● **ASSIGNMENT**
From the line that has "Black Calvin Klein" down to the last line of the data below, set down every line exactly, but none of the pictures.

● **SOURCE DATA**
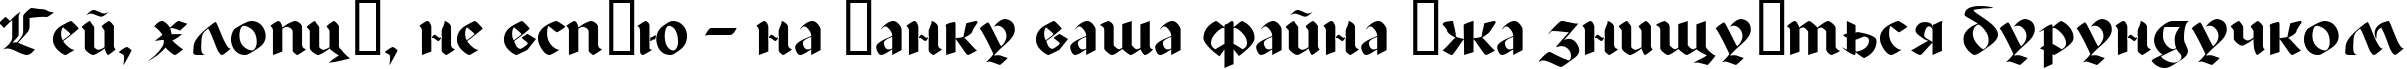 Пример написания шрифтом Paladin текста на украинском
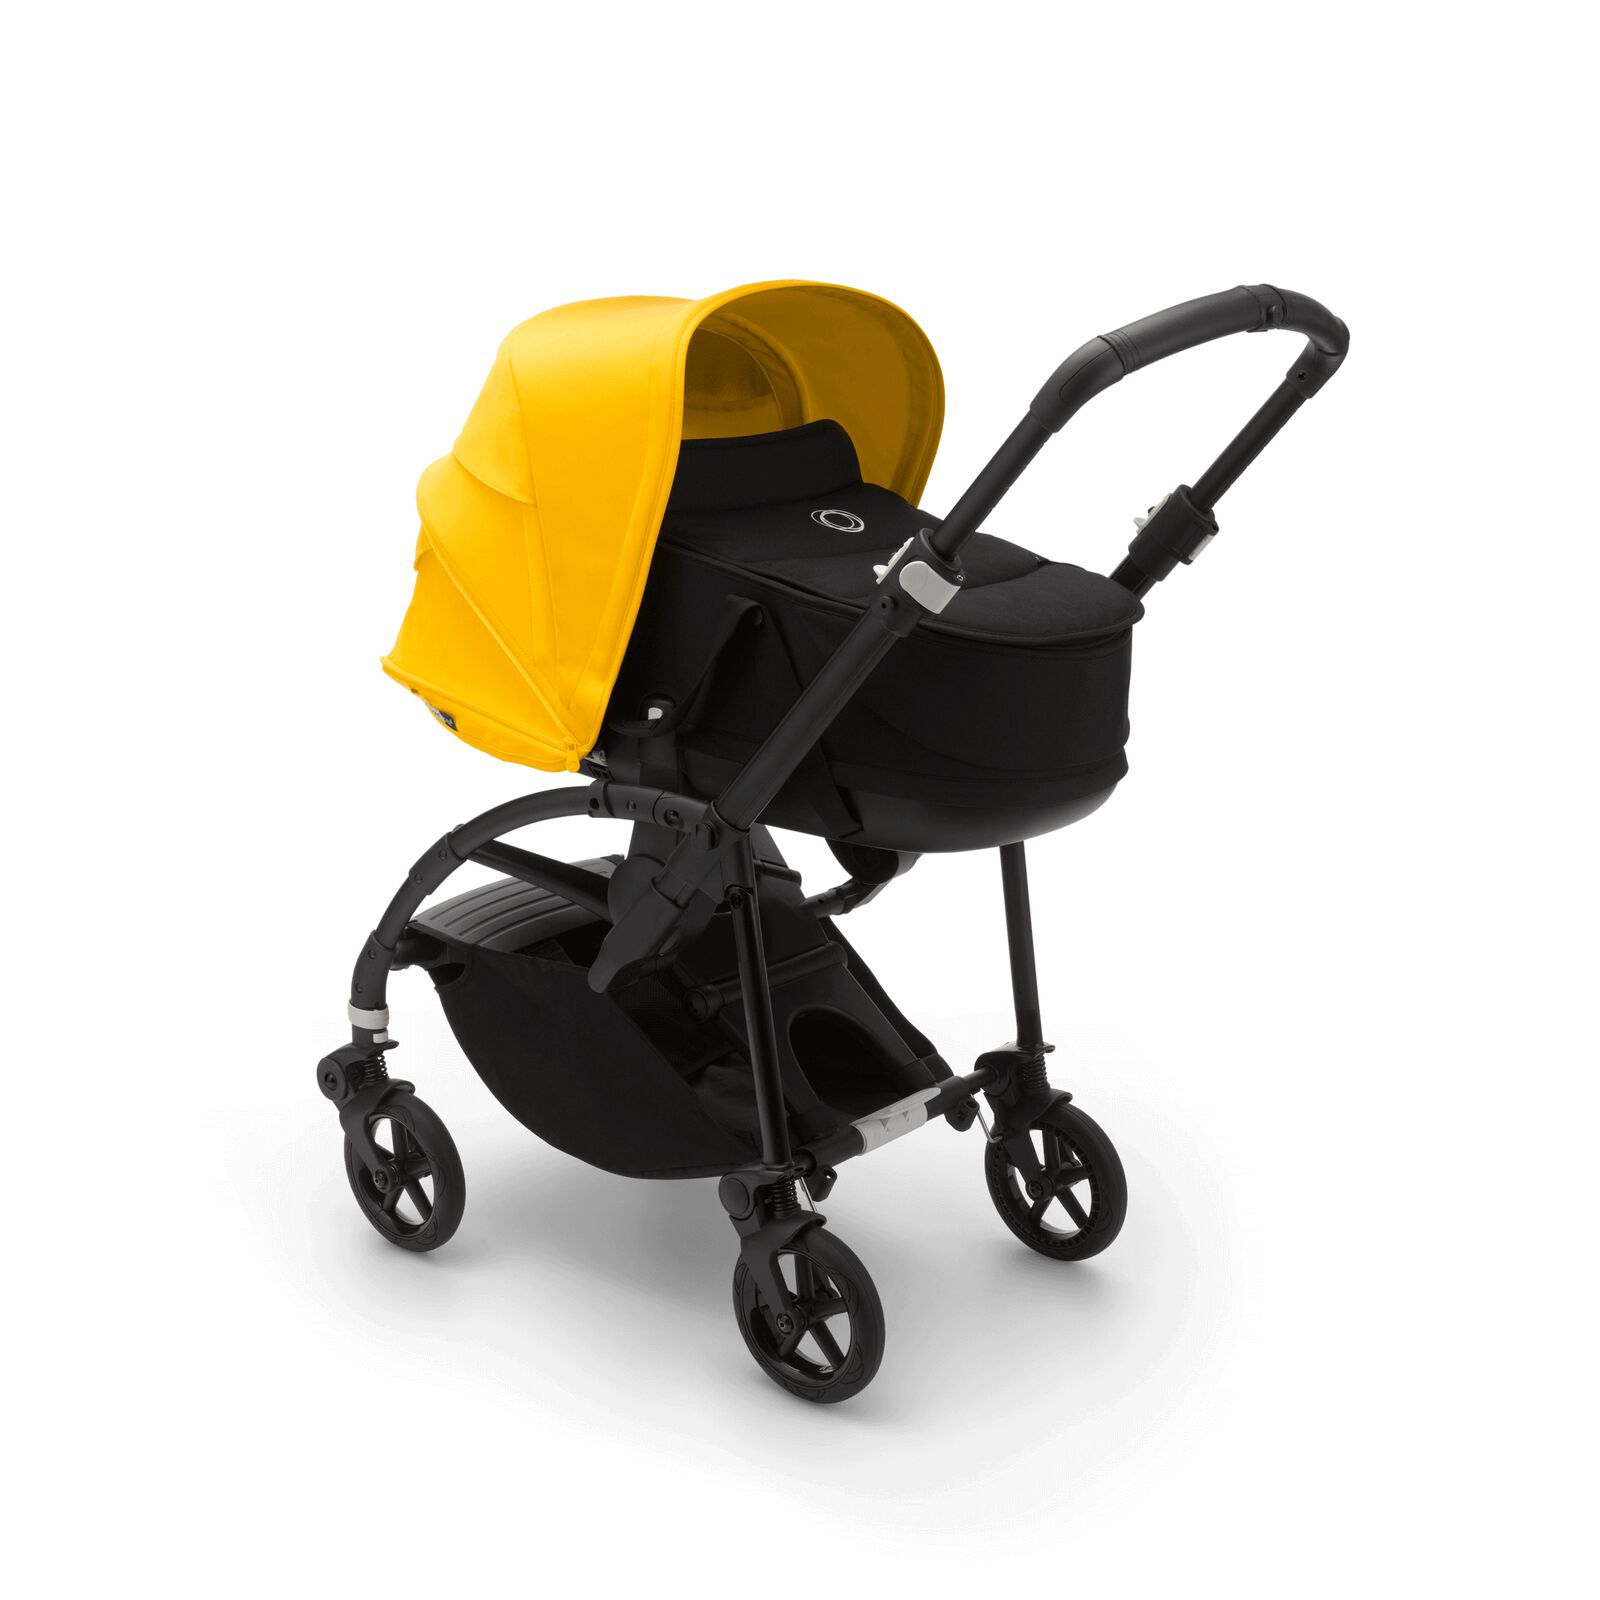 Bee 6 kinderwagen met wieg en stoel Lemon yellow black bekleding, black onderstel | Bugaboo
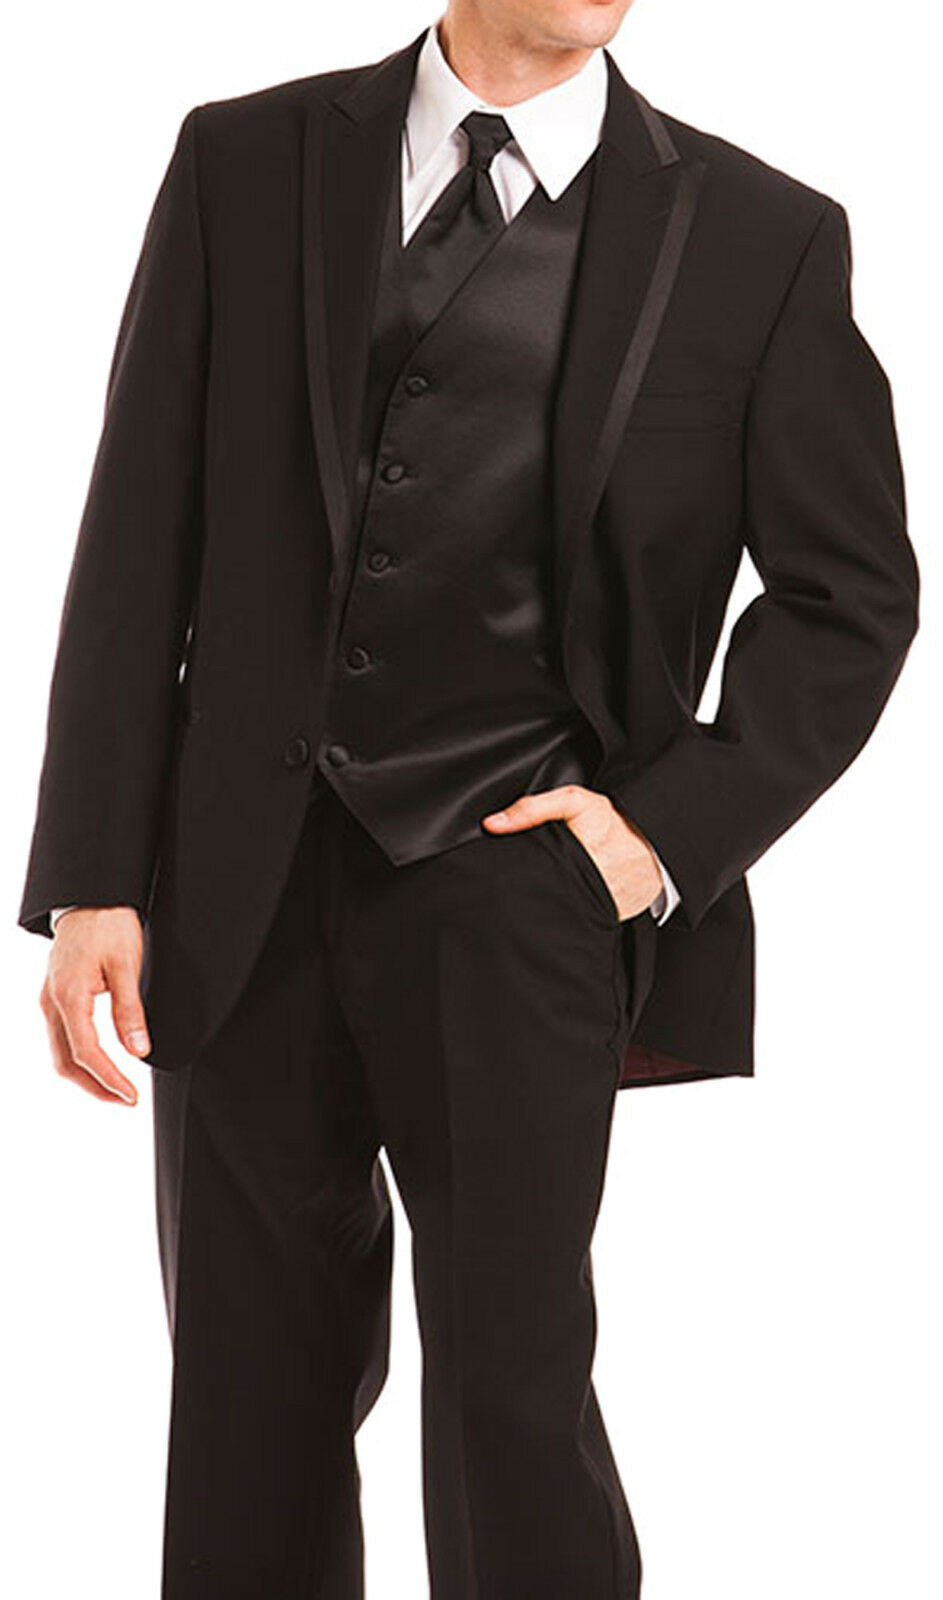 Black Calvin Klein Arden Tuxedo With Flat Front Pants Cummerbund & Bow Tie Prom
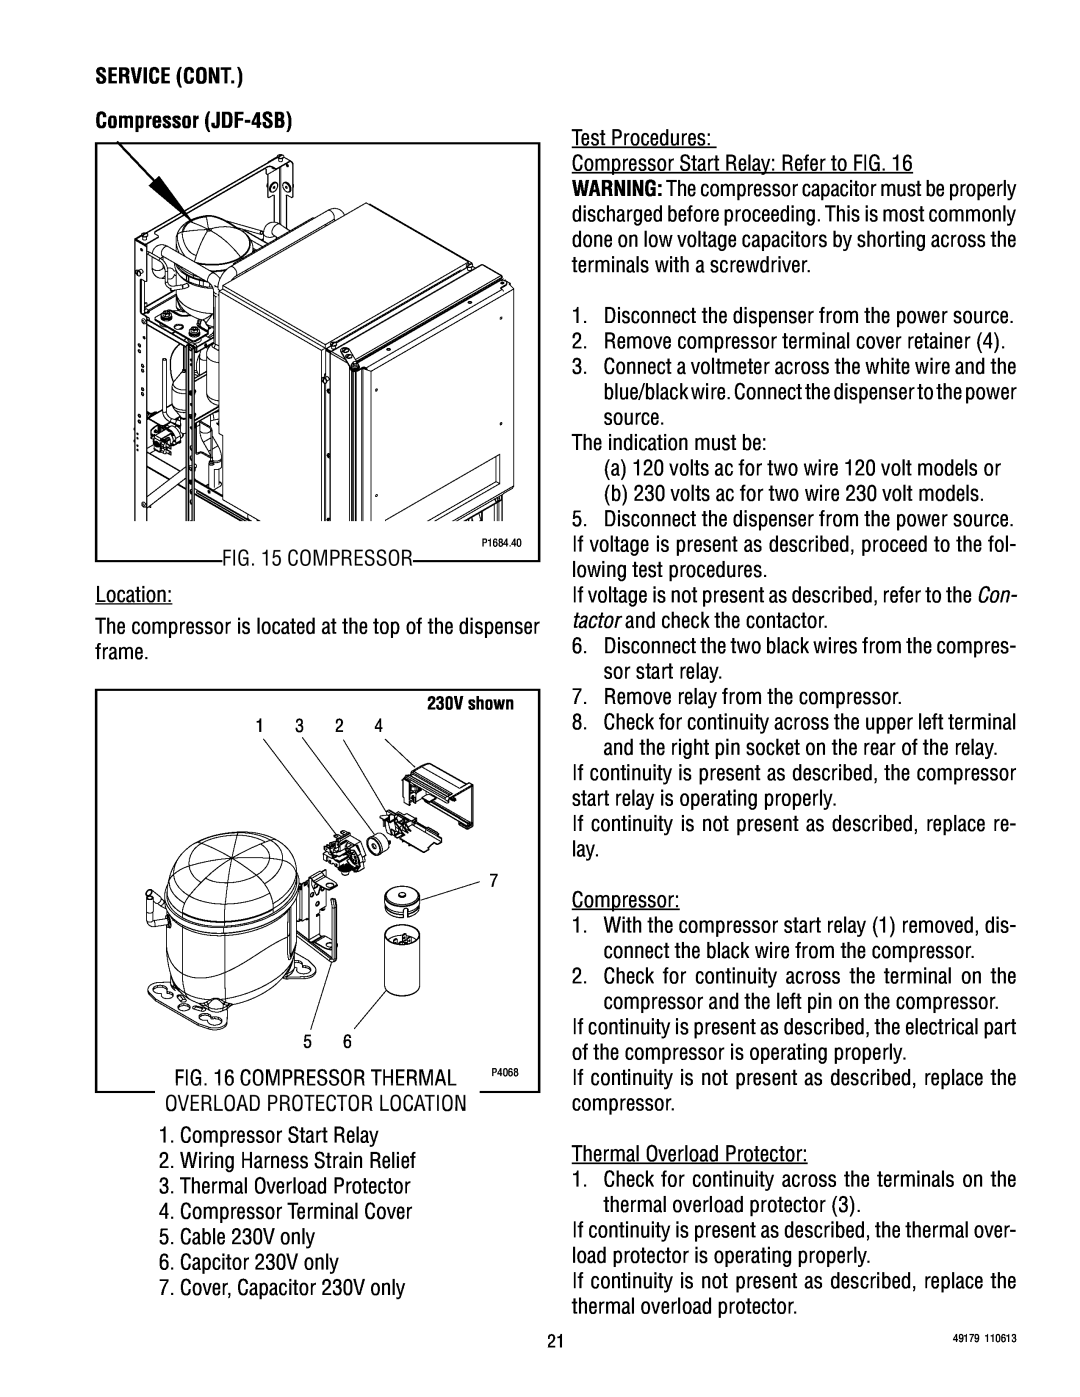 Bunn JDF-4D manual SERVICE CONT Compressor JDF-4SB, 230V shown

● **THE ANSWER**
 Black Calvin Klein Arden Tuxedo With Flat Front Pants Cummerbund & Bow Tie Prom
 Bunn JDF-4D manual SERVICE CONT Compressor JDF-4SB, 230V shown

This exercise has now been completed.